[Opening Data section section]
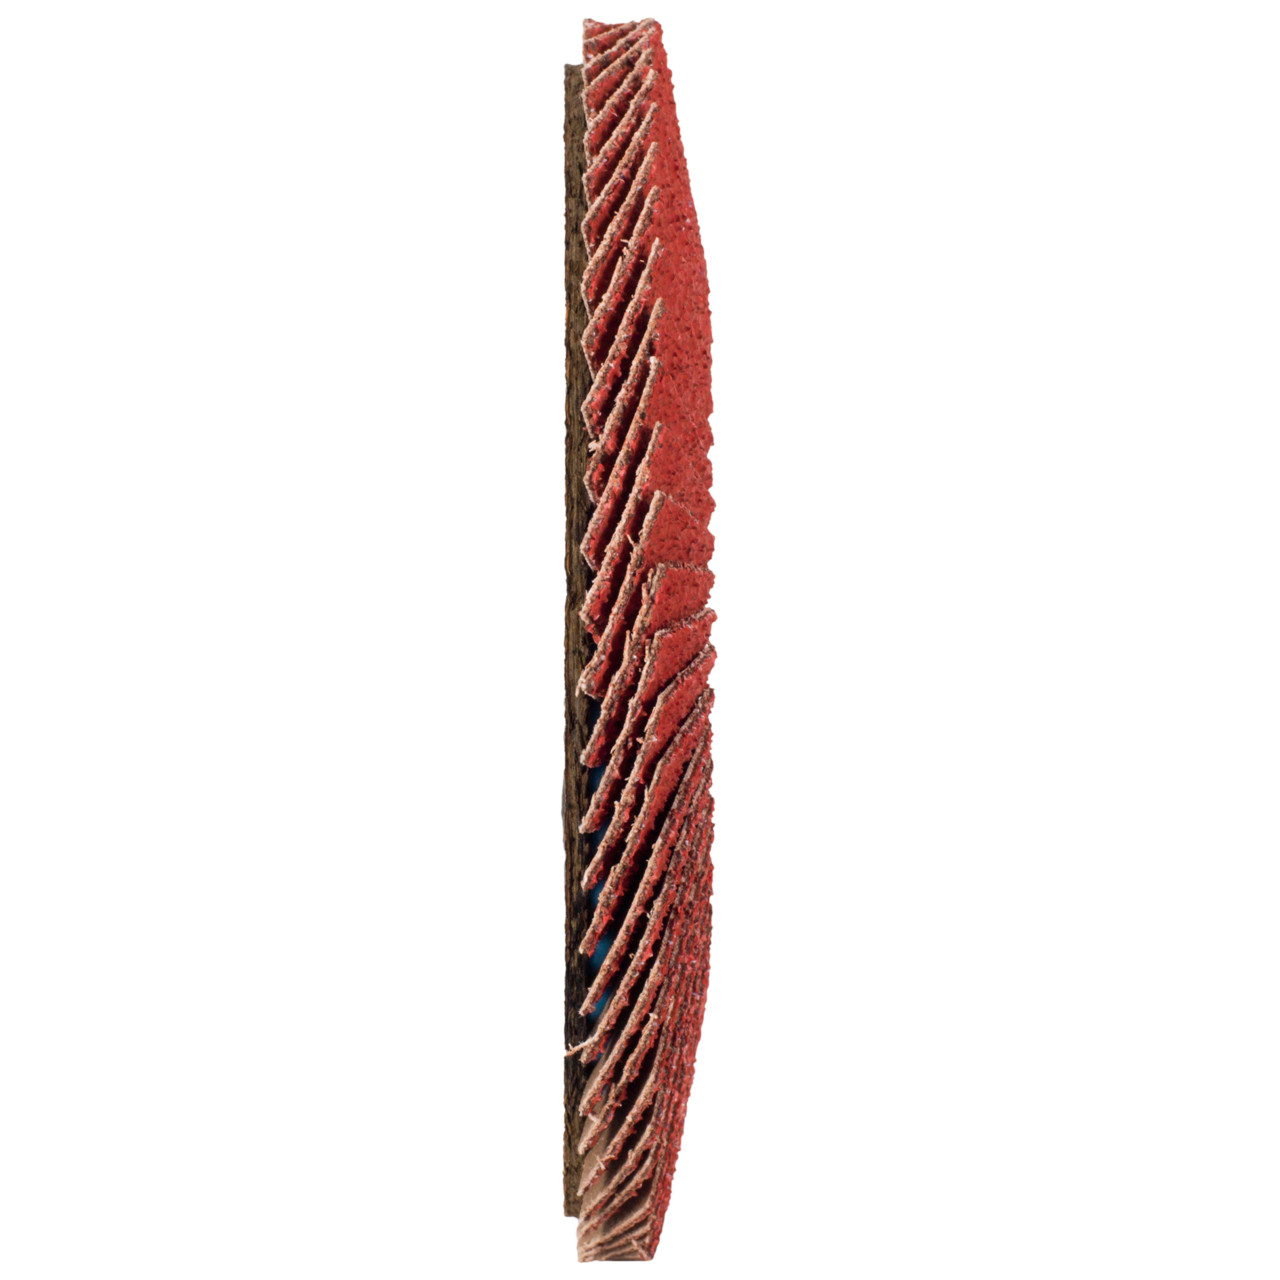 Tyrolit Gekartelde borgring DxH 115x22,23 CERABOND gekartelde borgring voor roestvrij staal, P80, vorm: 27A - geslingerde versie (glasvezeldragerhuisversie), Art. 34165680
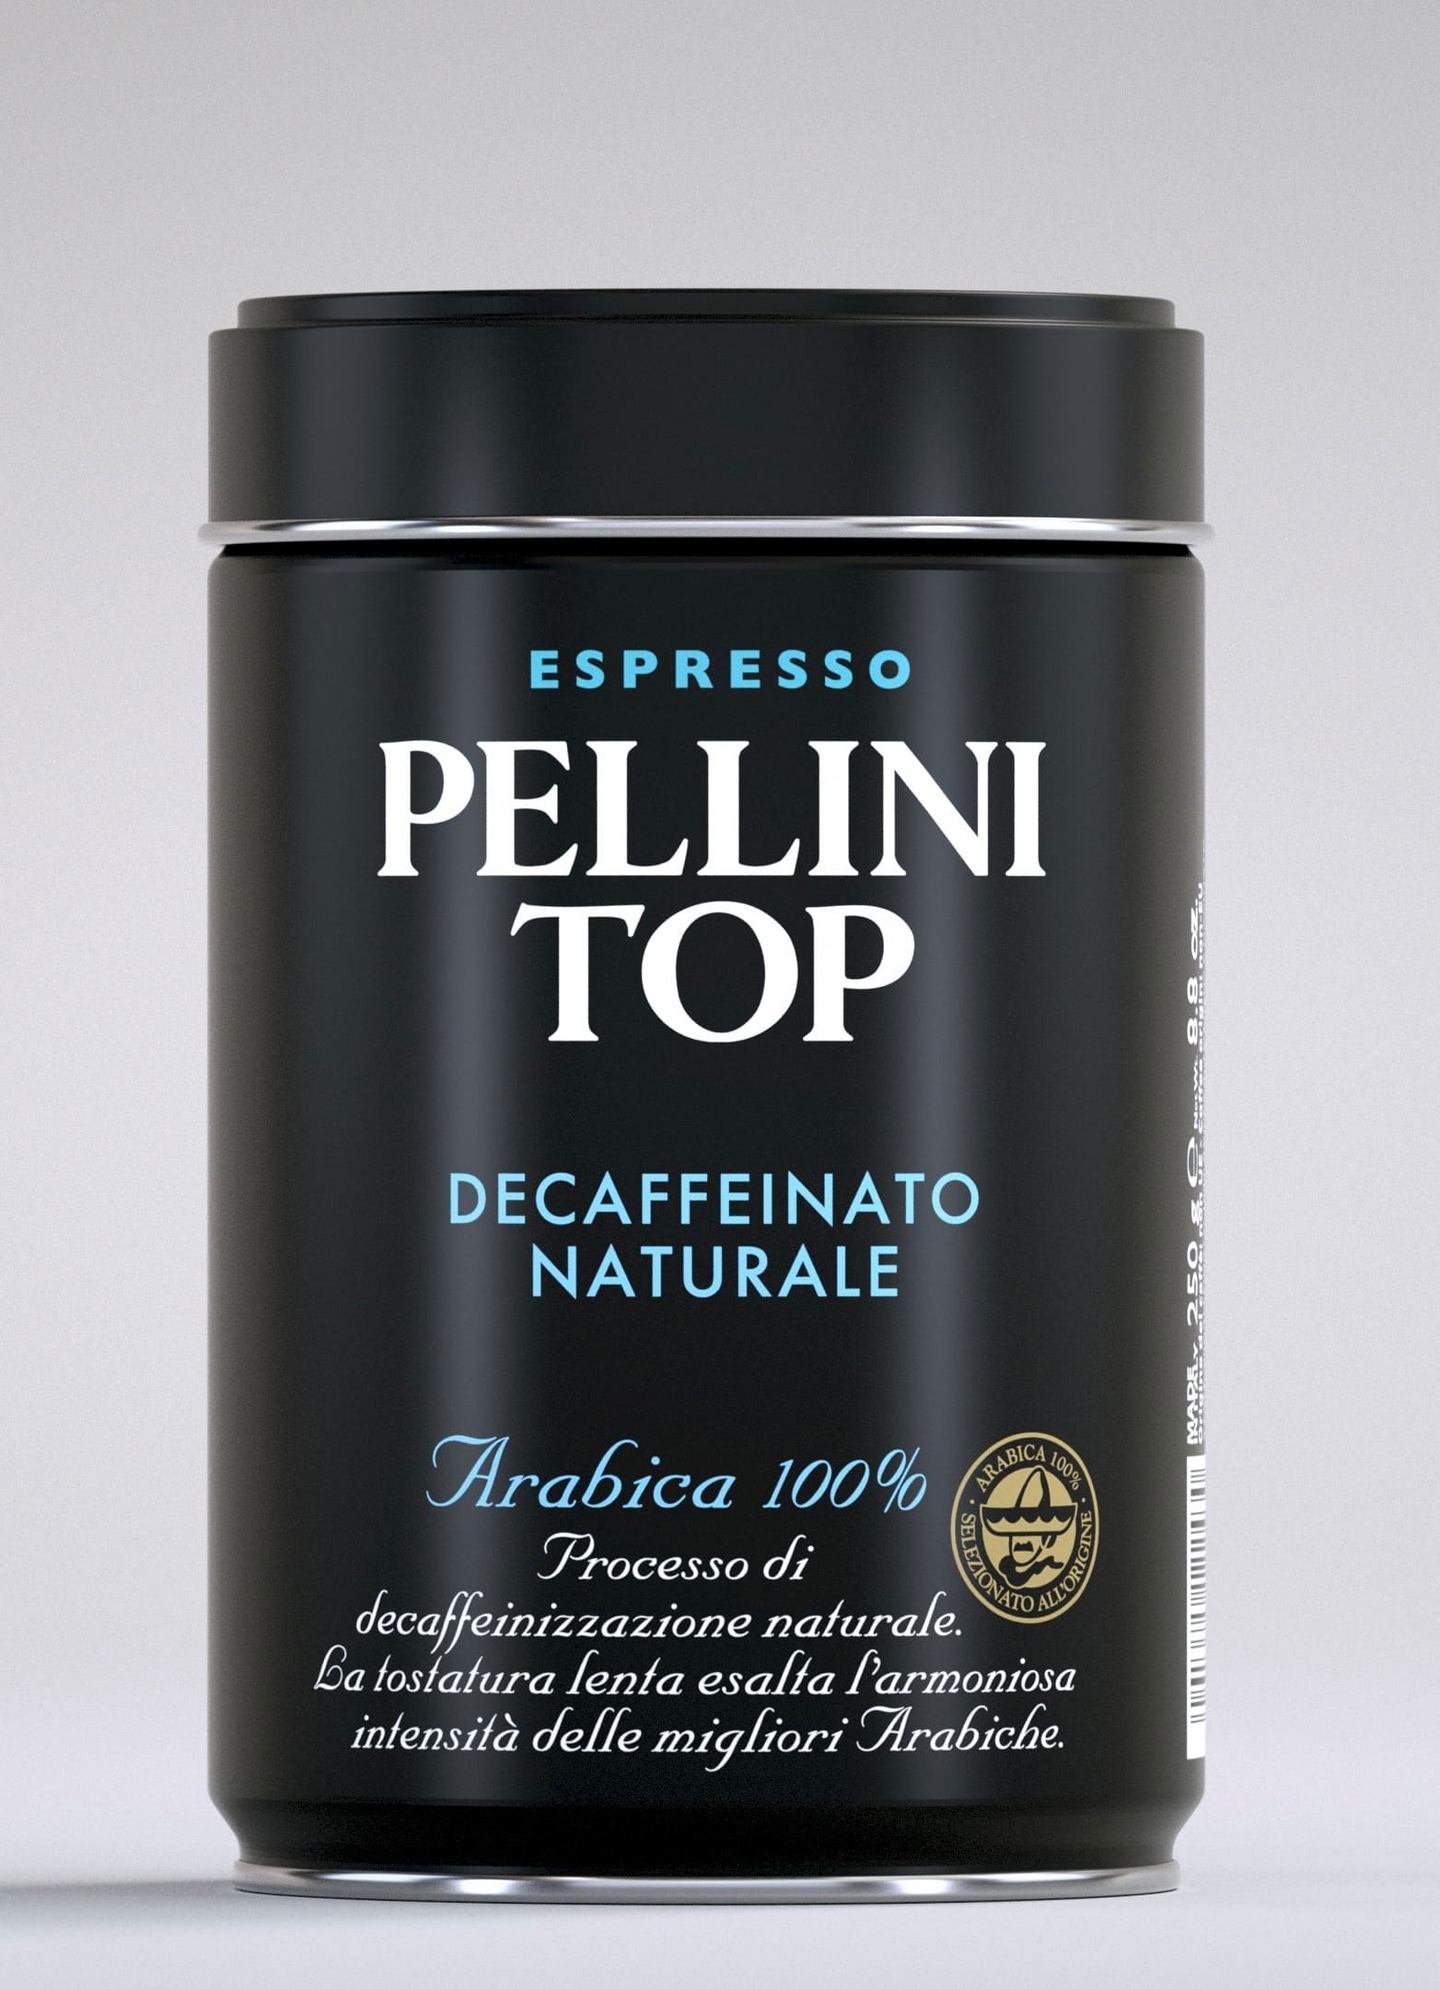 Pellini TOP 250g jauhettu espressokahvi 100% Arabica kofeiiniton
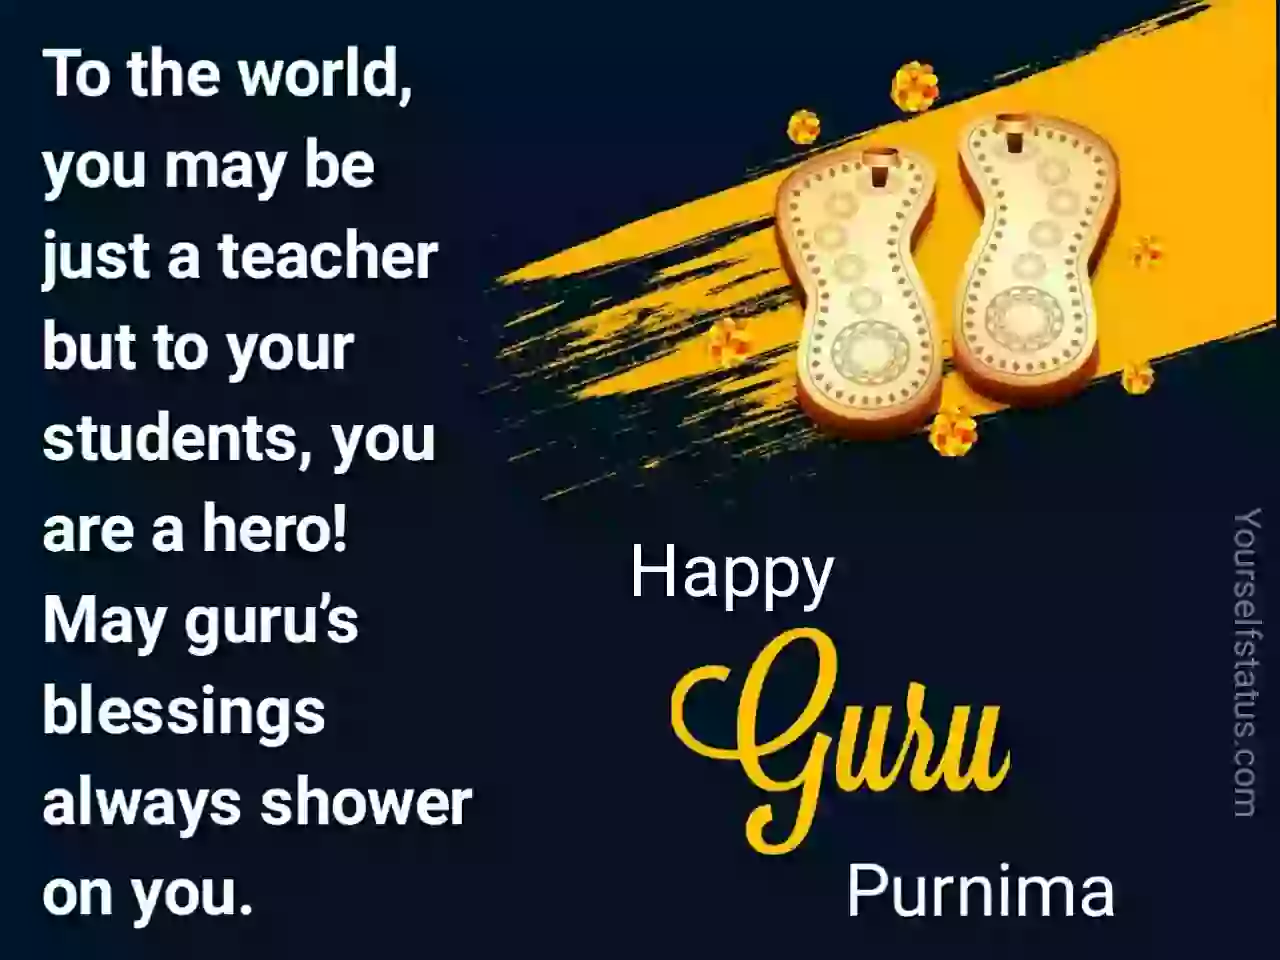 Happy Guru purnima messages in english
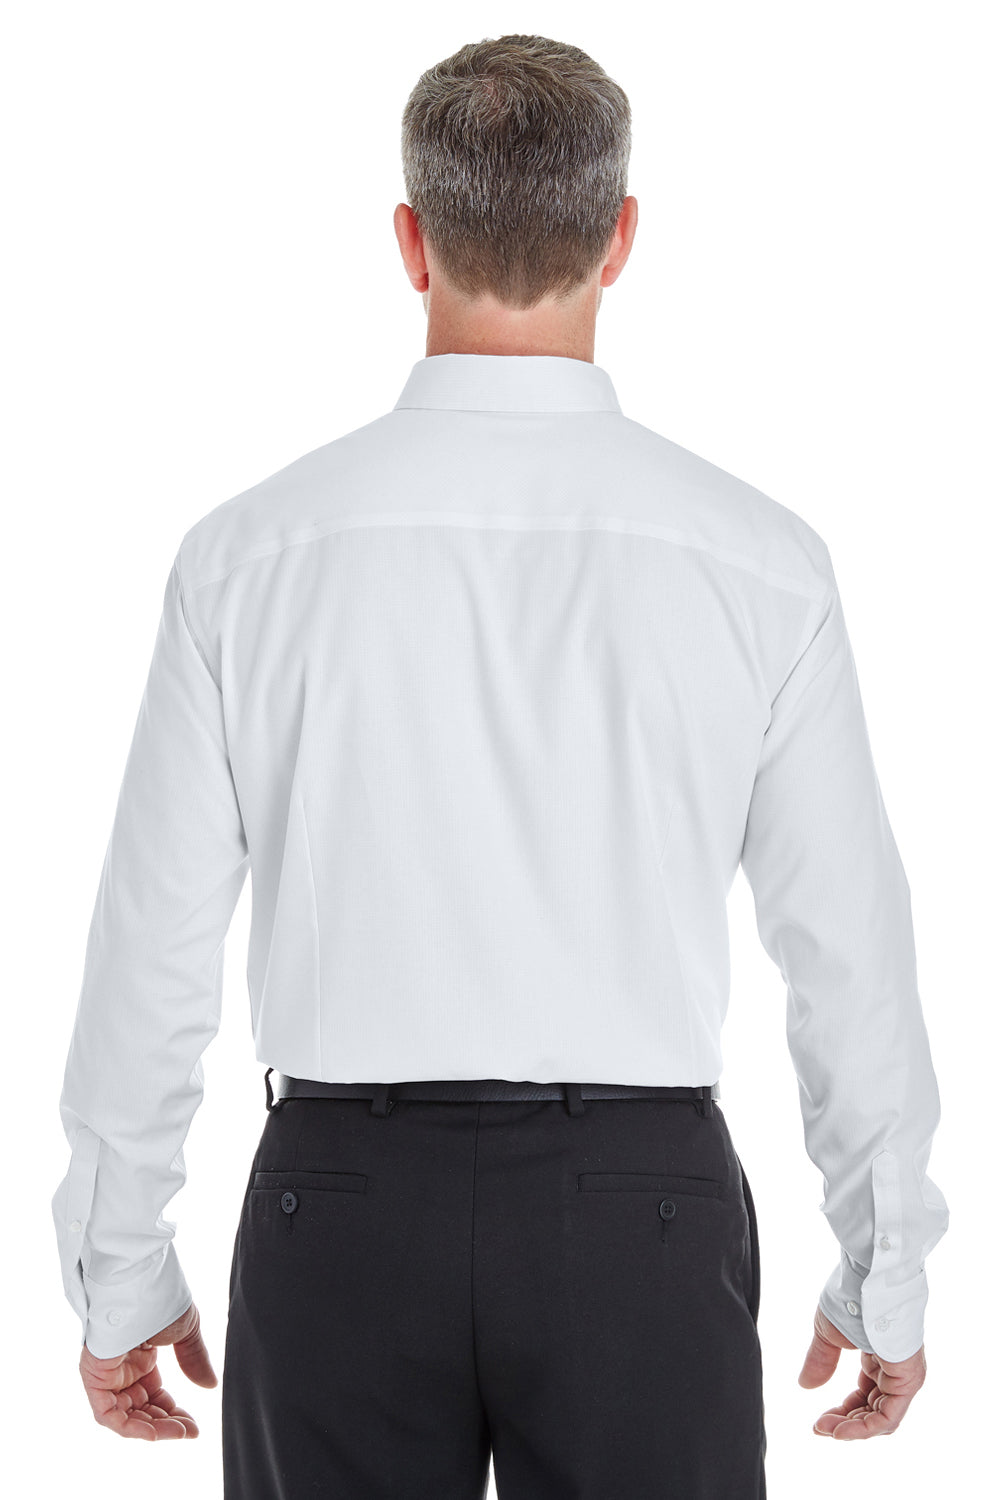 Devon & Jones DG532 Mens Crown Woven Collection Wrinkle Resistant Long Sleeve Button Down Shirt White Back
[Closing Data section section]
Aim of the exercise:
All lines above must be repeated exactly, and the pictures must be omitted.

Your solution:
 Tyrolit Gekartelde borgring DxH 115x22,23 CERABOND gekartelde borgring voor roestvrij staal, P80, vorm: 27A - geslingerde versie (glasvezeldragerhuisversie), Art. 34165680
 Pellini TOP 250g jauhettu espressokahvi 100% Arabica kofeiiniton
 Happy Guru purnima messages in english
 Devon & Jones DG532 Mens Crown Woven Collection Wrinkle Resistant Long Sleeve Button Down Shirt White Back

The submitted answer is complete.